== Segment start ==

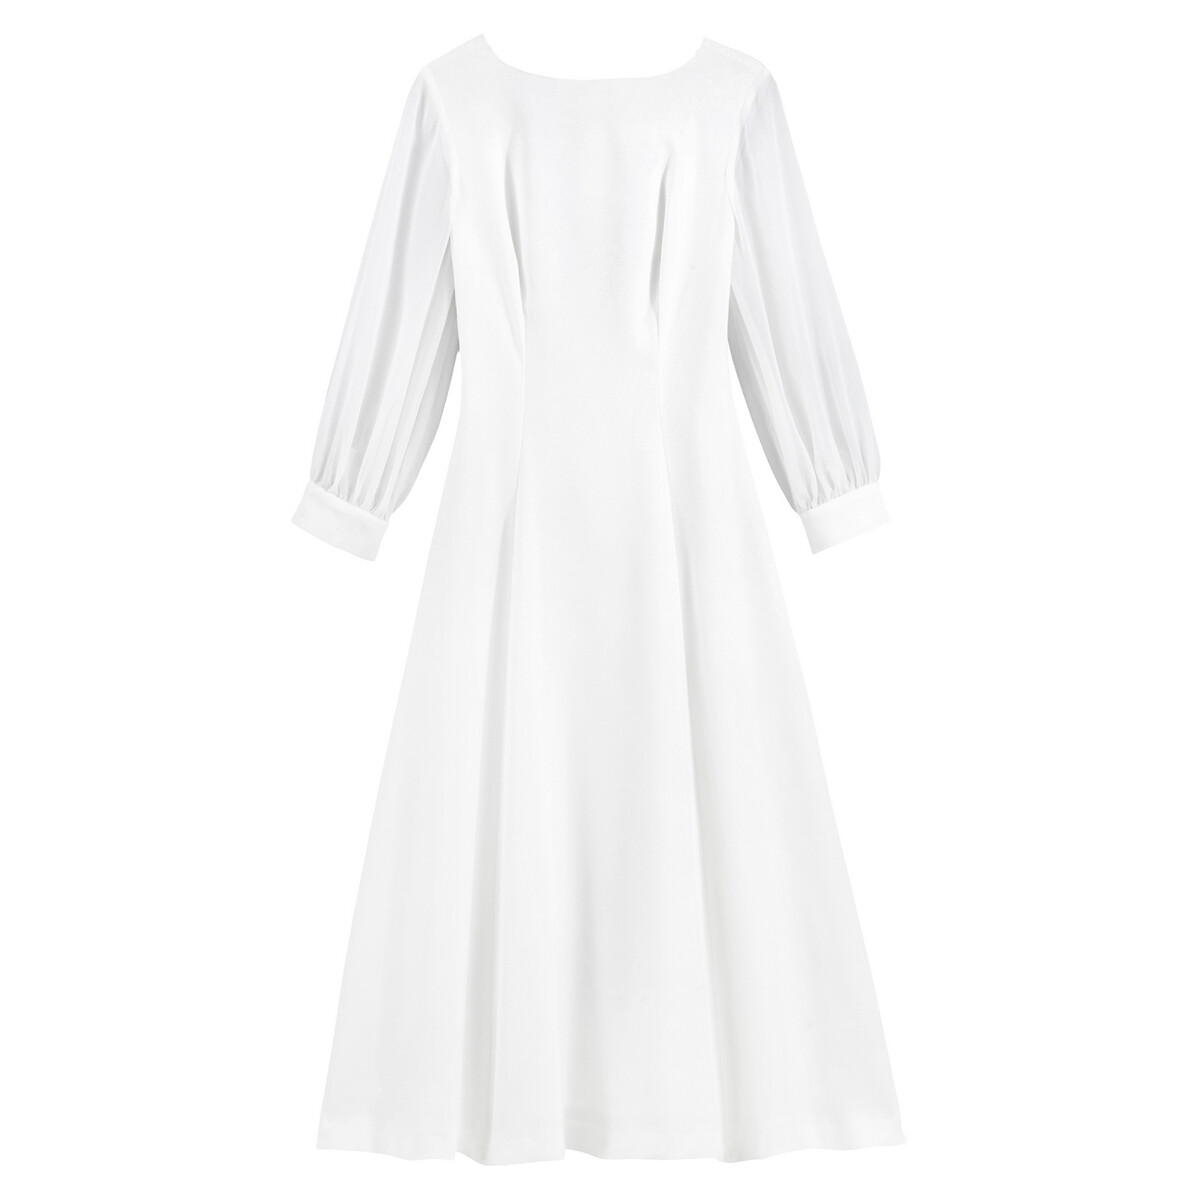 Платье La Redoute Невесты длинное V-образное декольте 34 (FR) - 40 (RUS) белый, размер 34 (FR) - 40 (RUS) Невесты длинное V-образное декольте 34 (FR) - 40 (RUS) белый - фото 5
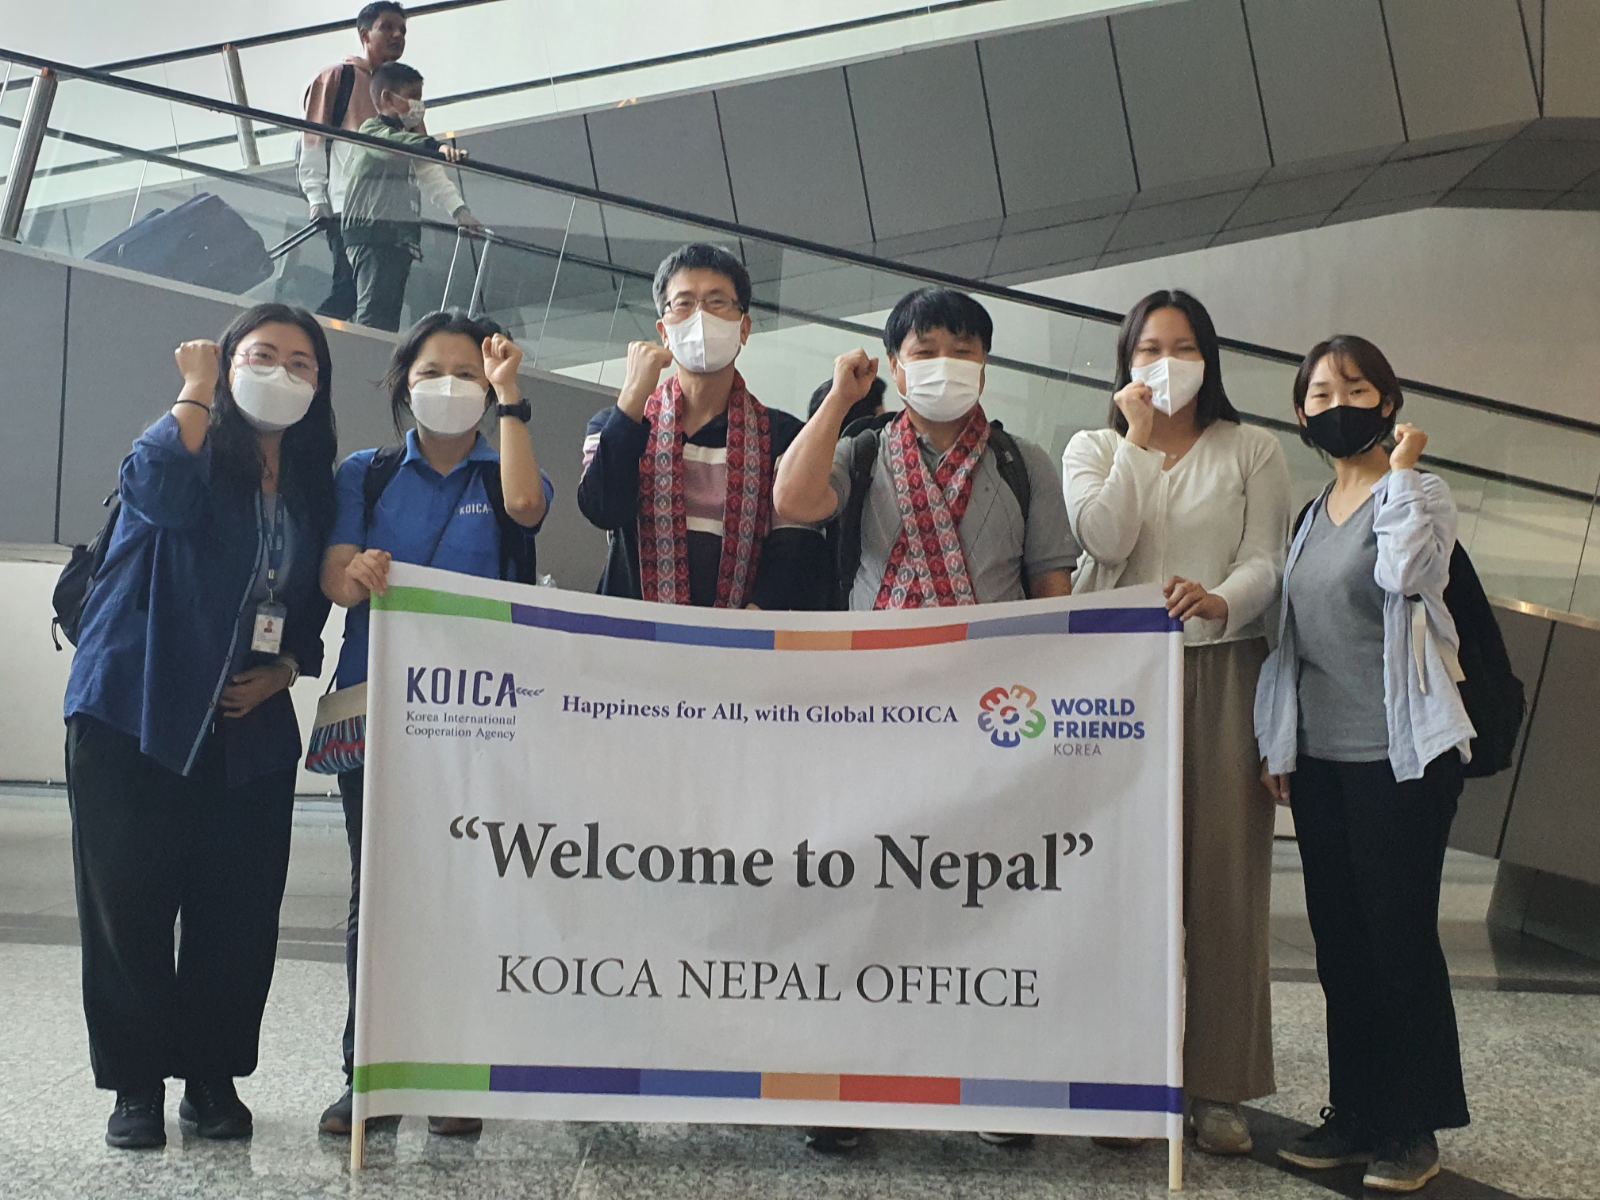 Two new Korean overseas volunteers arrive in Nepal
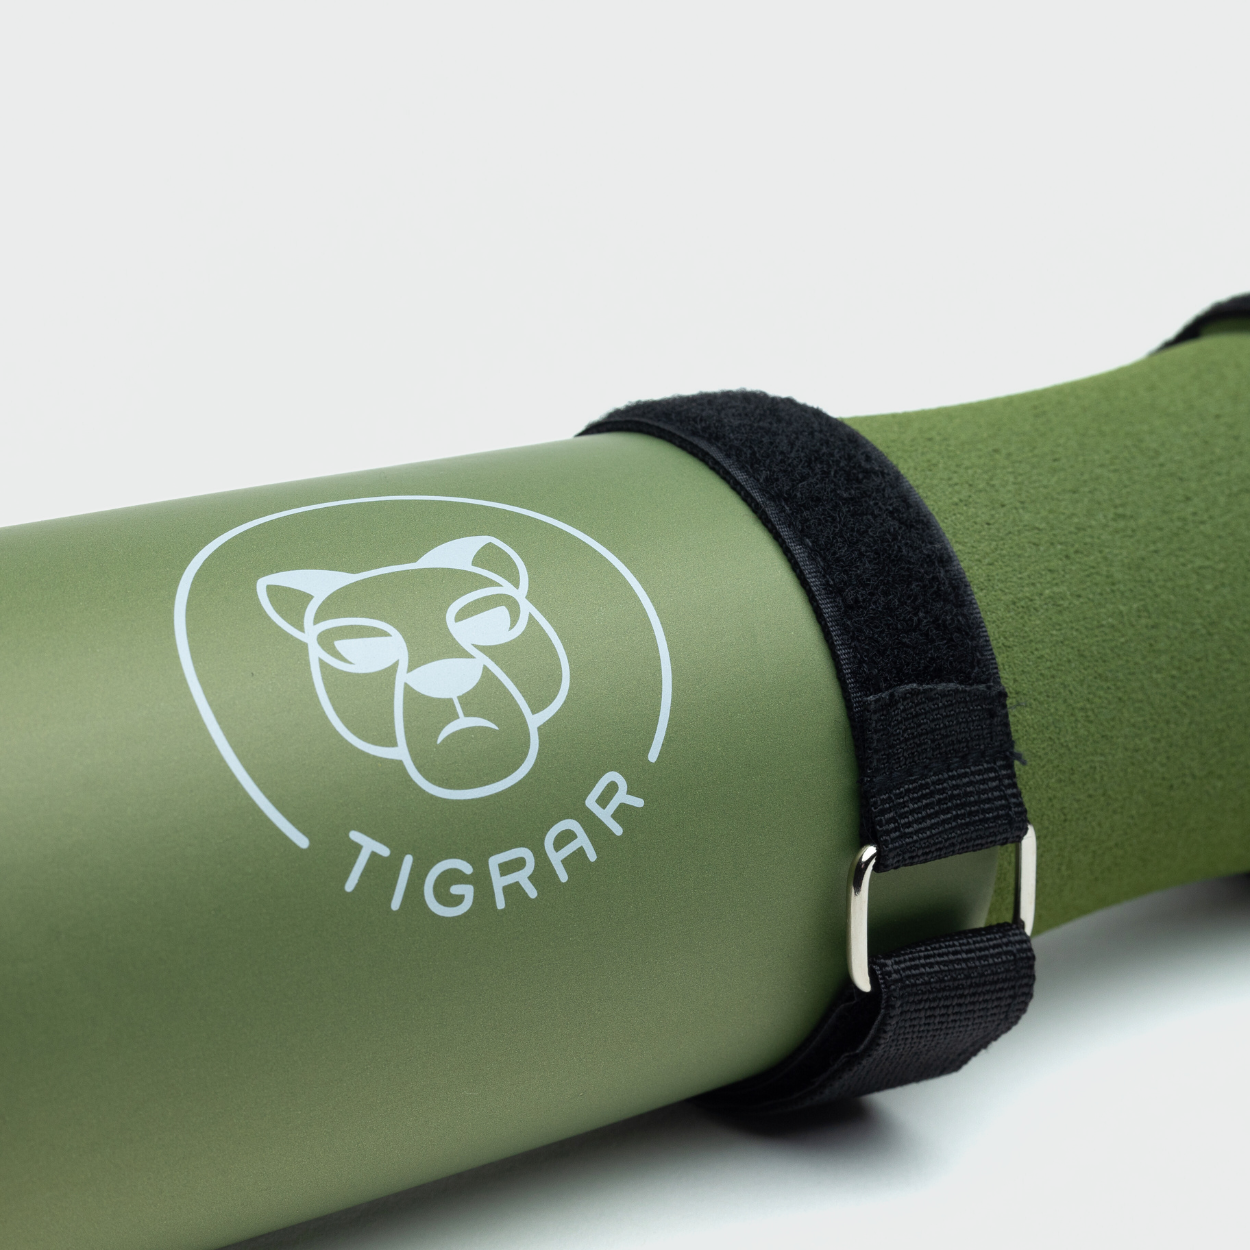 Detailweergave van de groene Tigrar barbell pad, perfect voor dagelijkse training.

== Segment end ==

DIRECTIONS:
The copy should run from the first line of the material above through the line with "Two new Korean", repeated exactly and without pictures.

ANSWER:
 Платье La Redoute Невесты длинное V-образное декольте 34 (FR) - 40 (RUS) белый, размер 34 (FR) - 40 (RUS) Невесты длинное V-образное декольте 34 (FR) - 40 (RUS) белый - фото 5
 Two new Korean overseas volunteers arrive in Nepal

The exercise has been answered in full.